* _Data for analysis_

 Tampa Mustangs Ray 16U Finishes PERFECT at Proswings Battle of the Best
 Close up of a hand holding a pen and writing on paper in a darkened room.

* * *

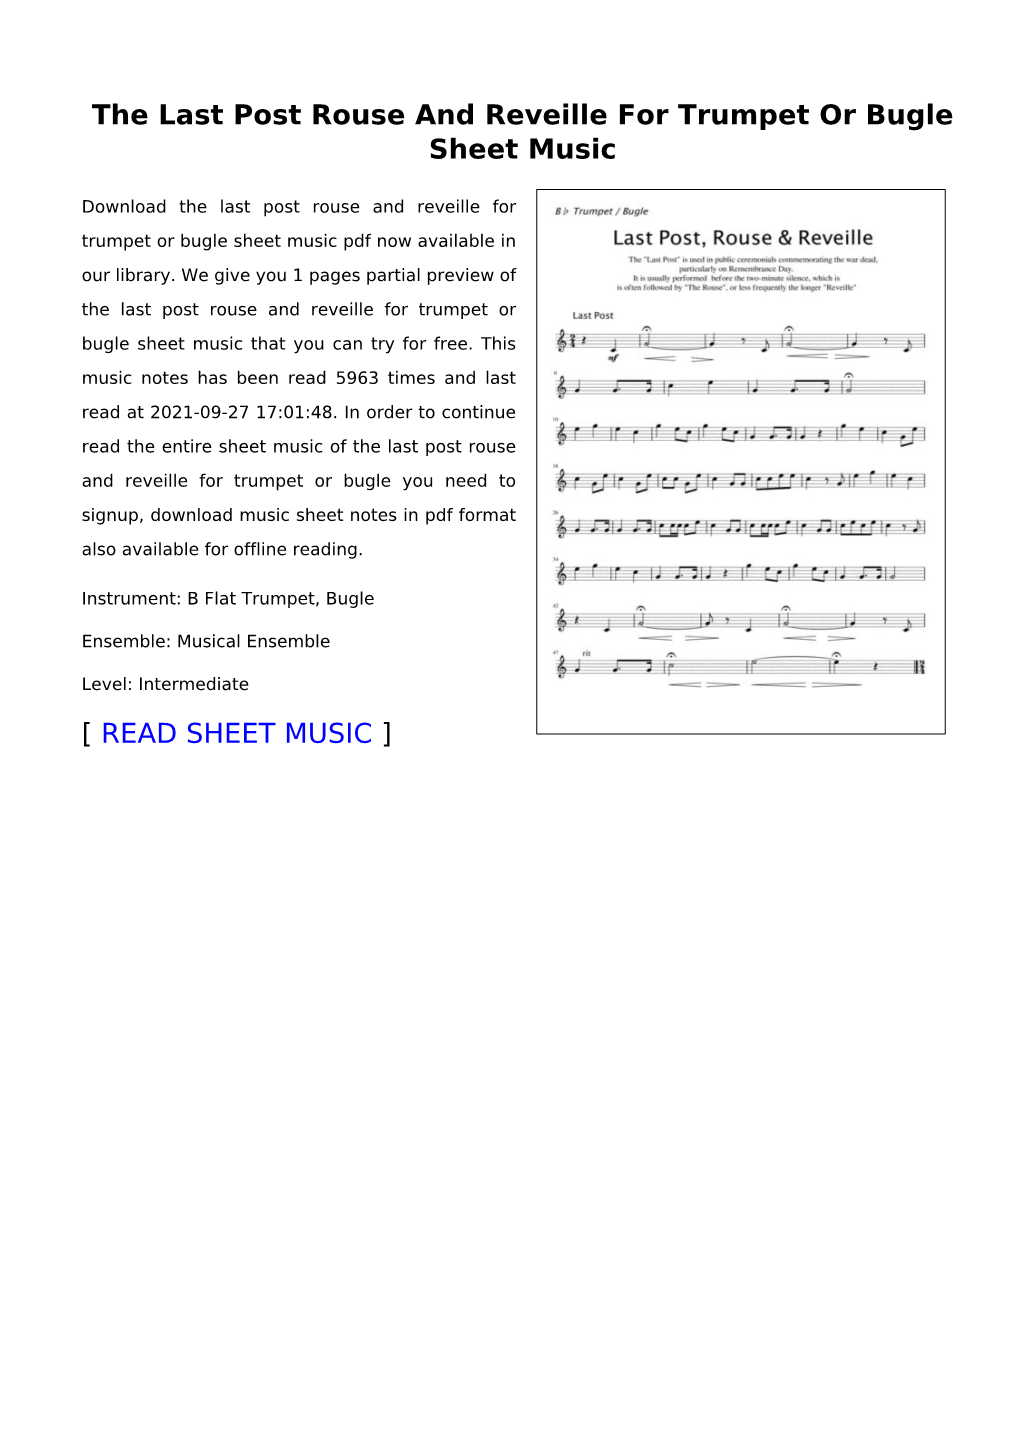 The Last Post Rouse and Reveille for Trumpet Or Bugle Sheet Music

==

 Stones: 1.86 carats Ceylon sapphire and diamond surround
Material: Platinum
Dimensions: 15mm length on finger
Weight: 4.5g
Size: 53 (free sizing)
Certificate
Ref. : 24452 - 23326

* _What the task asks_
Within the material above, output exactly the lines from the one with "Tampa Mustangs Ray" through the one with "Close up of", end lines included, and nothing besides.

* _Answer below_
 Tampa Mustangs Ray 16U Finishes PERFECT at Proswings Battle of the Best
 Close up of a hand holding a pen and writing on paper in a darkened room.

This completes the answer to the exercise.